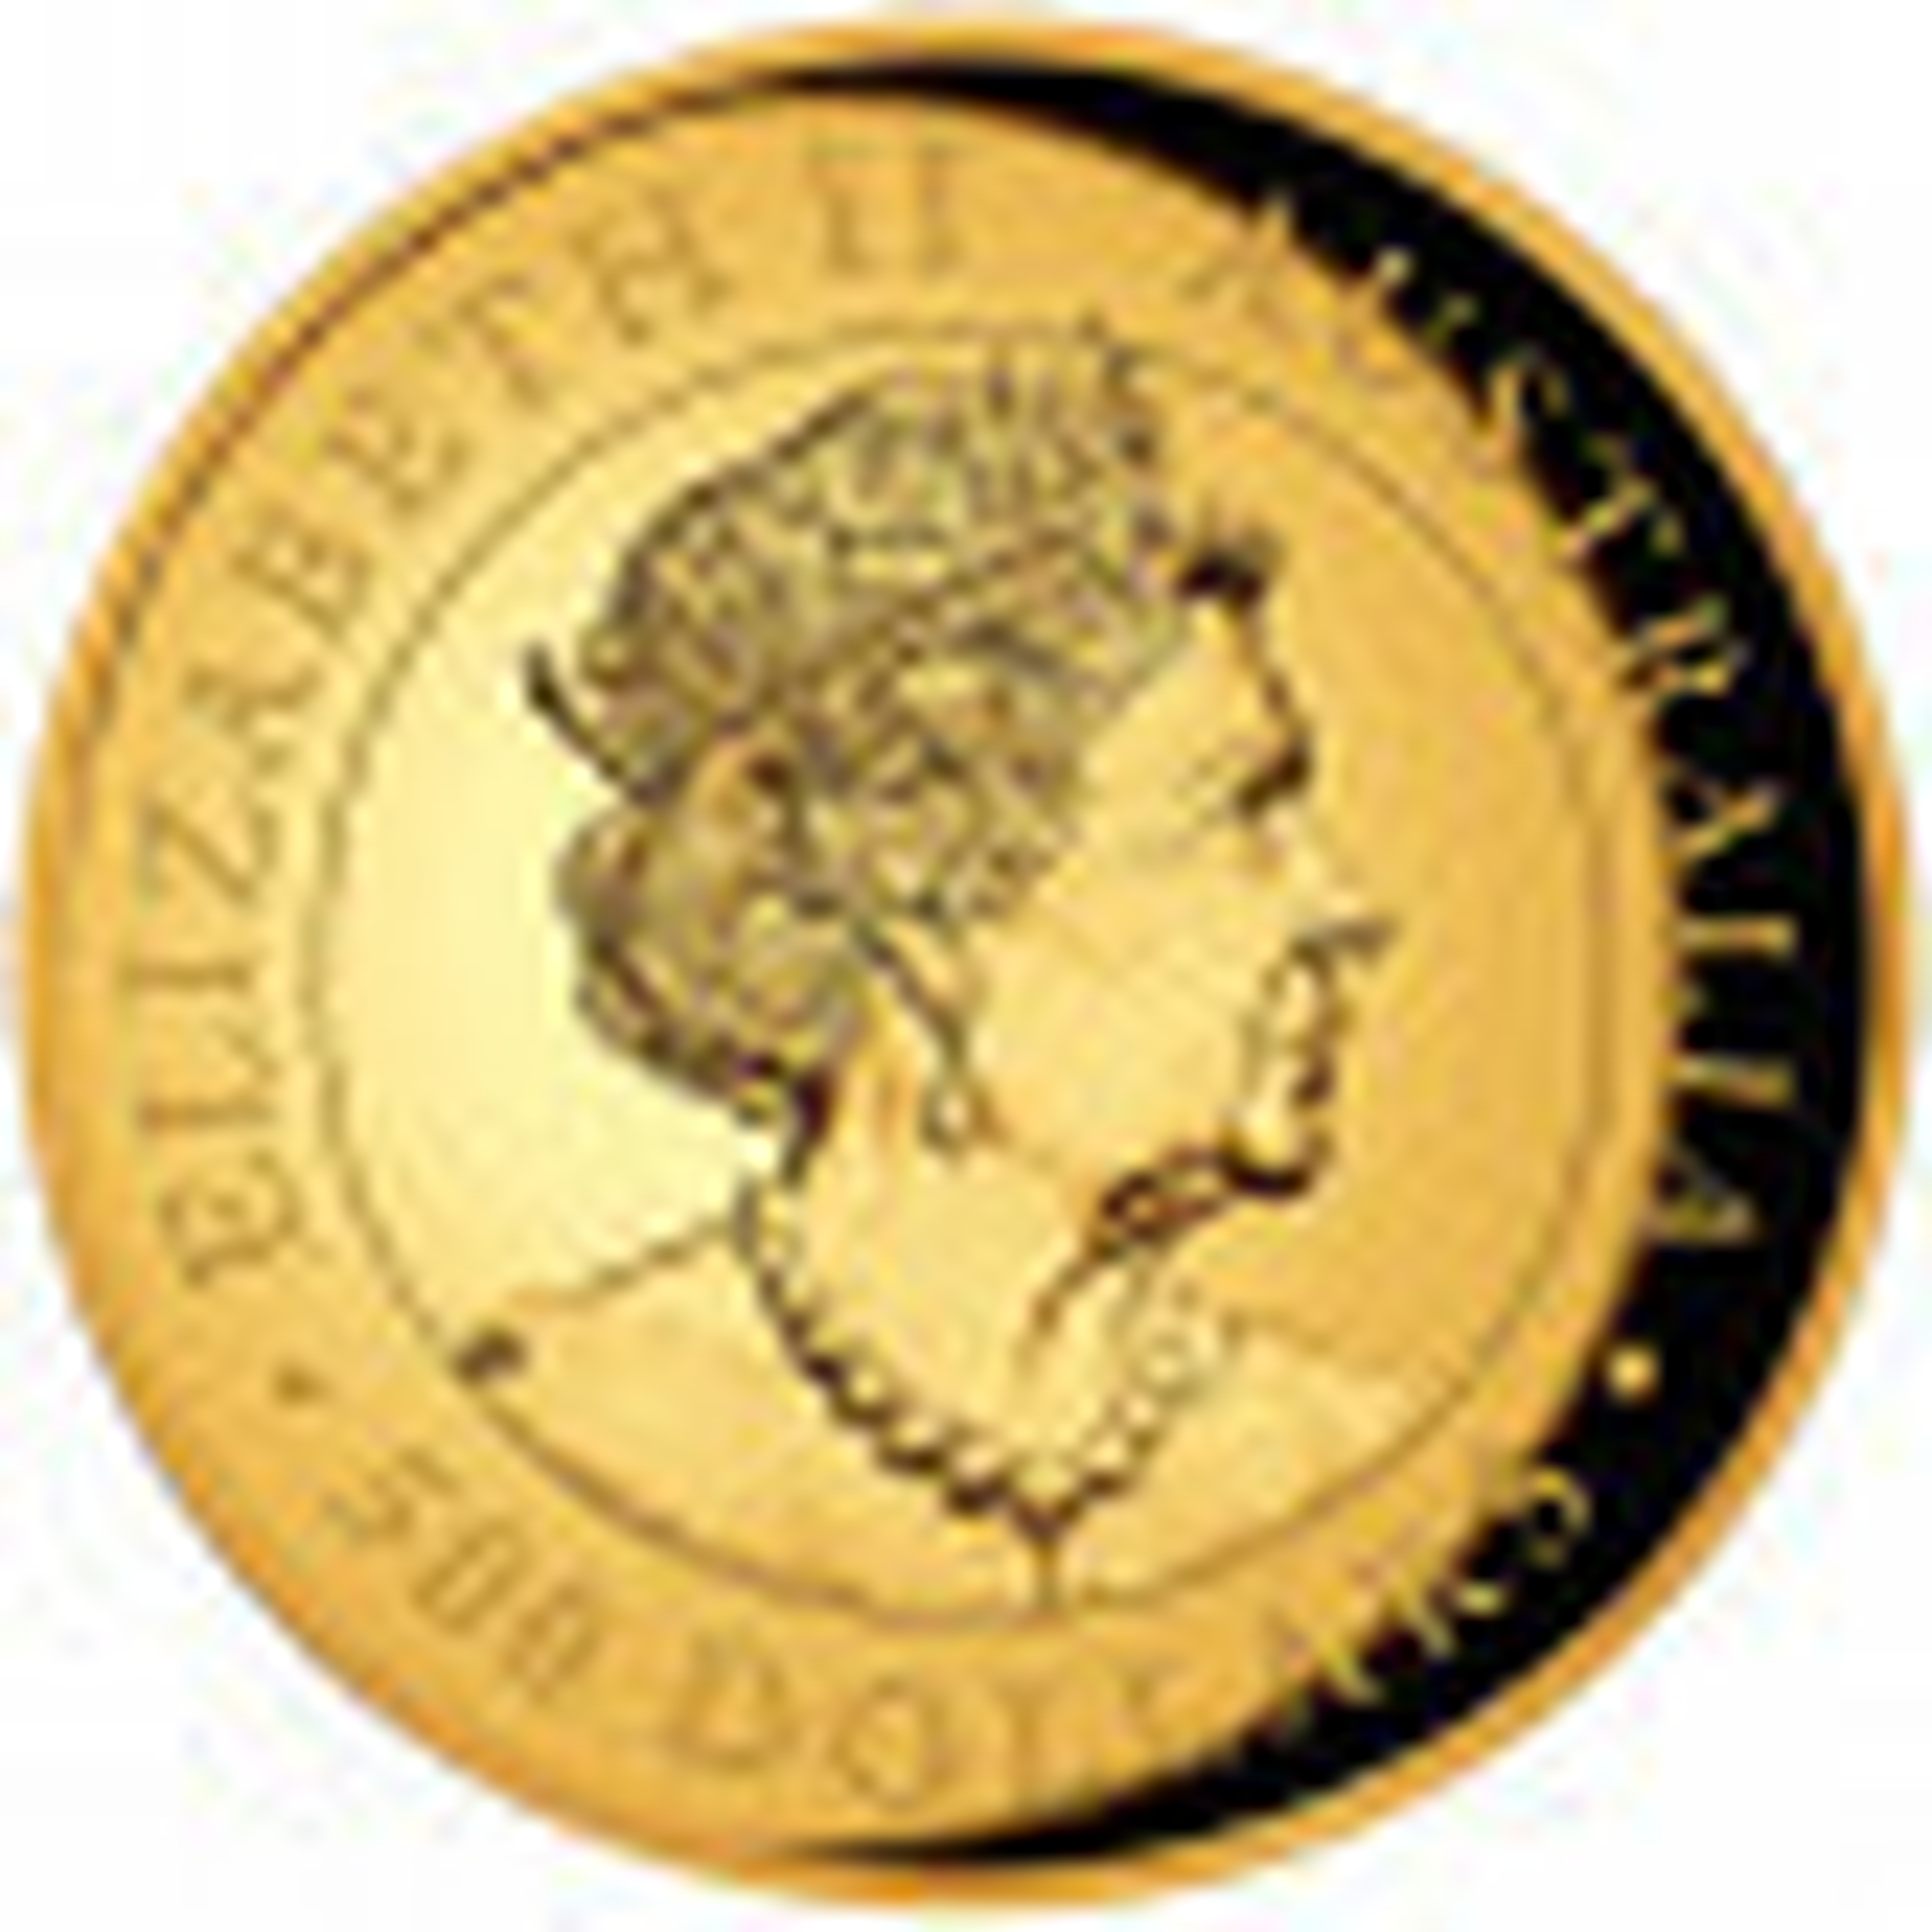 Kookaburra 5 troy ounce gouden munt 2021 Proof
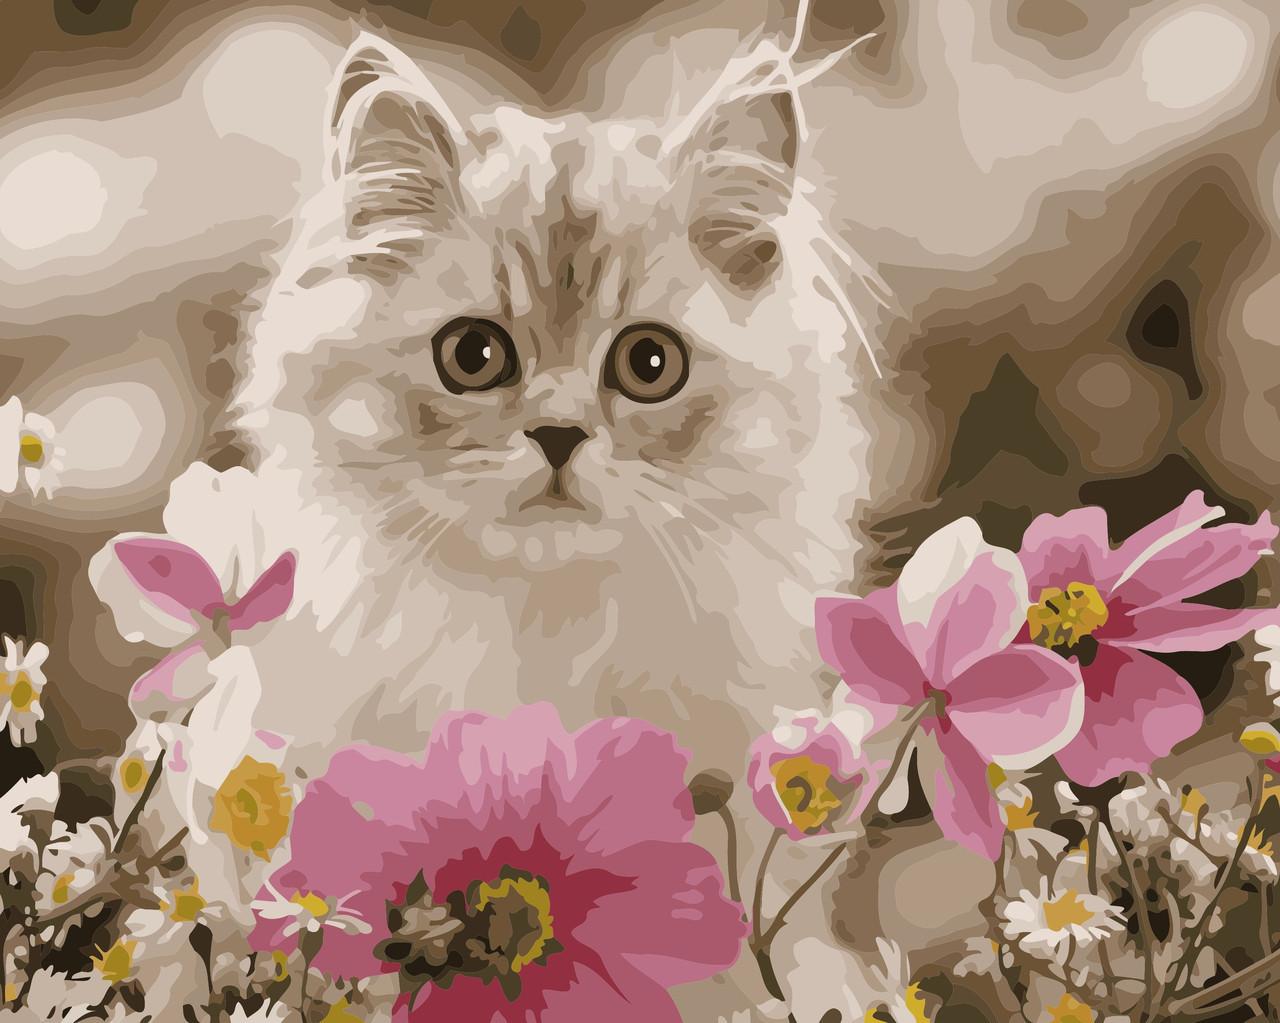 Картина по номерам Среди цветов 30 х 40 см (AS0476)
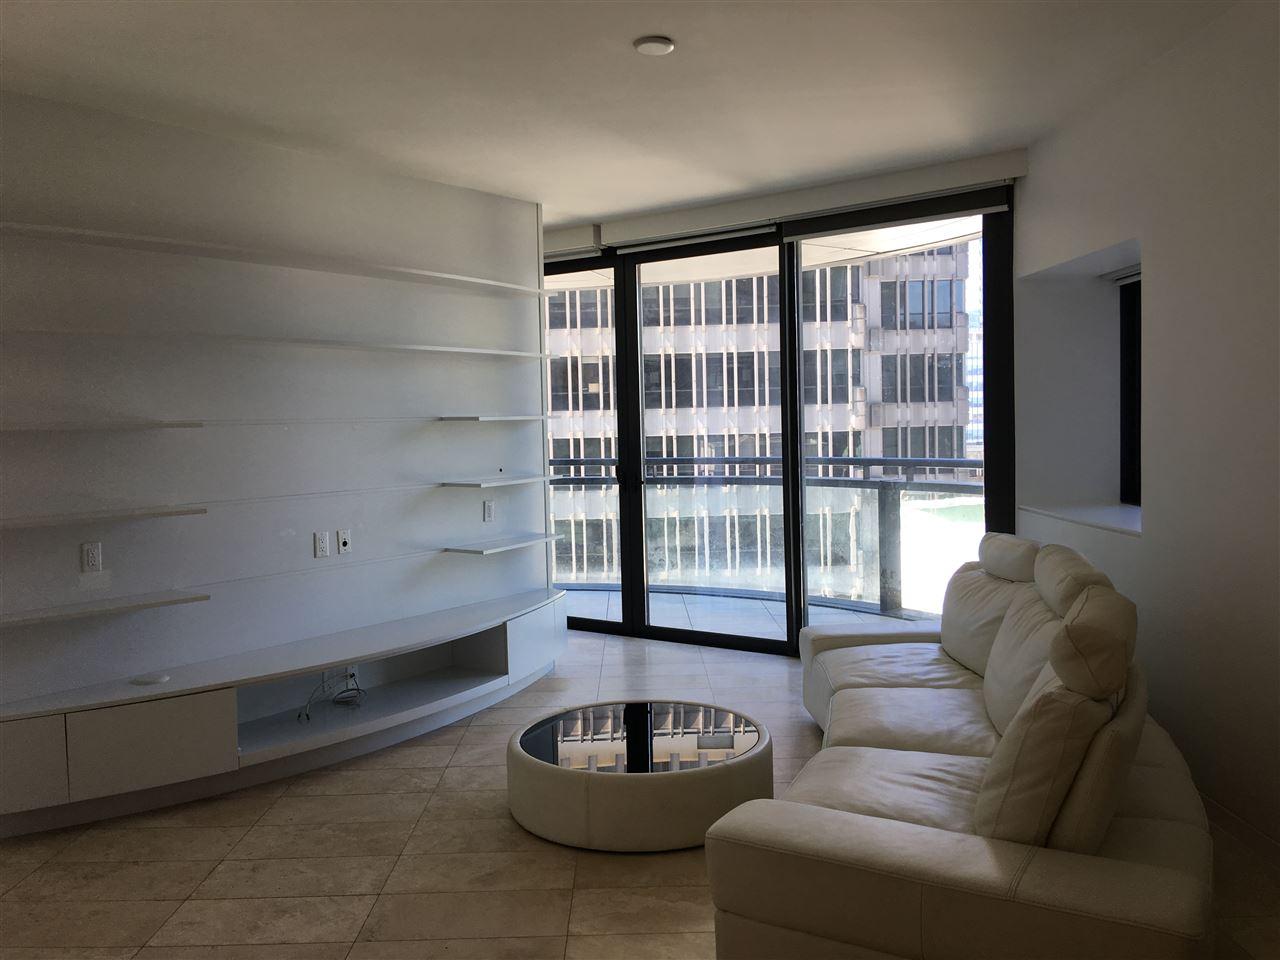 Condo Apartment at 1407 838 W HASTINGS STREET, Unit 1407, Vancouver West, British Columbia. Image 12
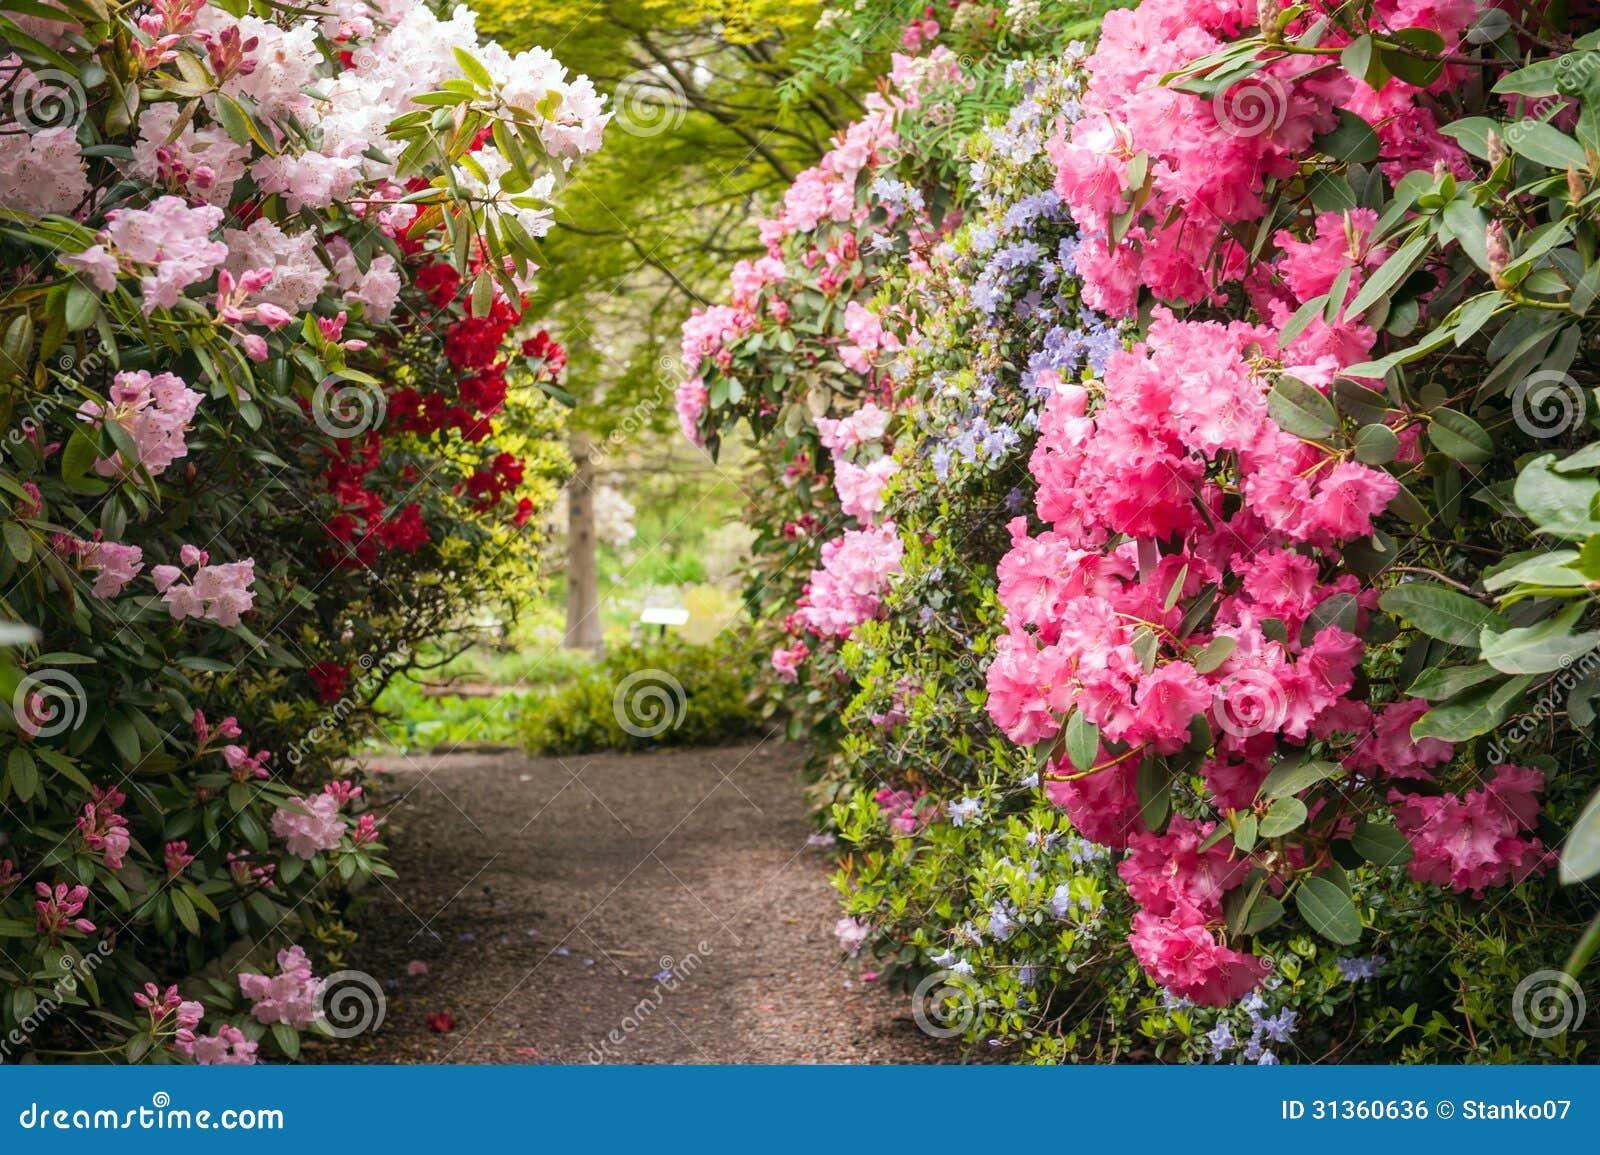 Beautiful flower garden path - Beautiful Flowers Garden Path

**Task requirements**
Copy the listing character for character, pictures omitted.

**Task result**
 Kookaburra 5 troy ounce gouden munt 2021 Proof
 Картина по номерам Среди цветов 30 х 40 см (AS0476)
 Condo Apartment at 1407 838 W HASTINGS STREET, Unit 1407, Vancouver West, British Columbia. Image 12
 Beautiful flower garden path - Beautiful Flowers Garden Path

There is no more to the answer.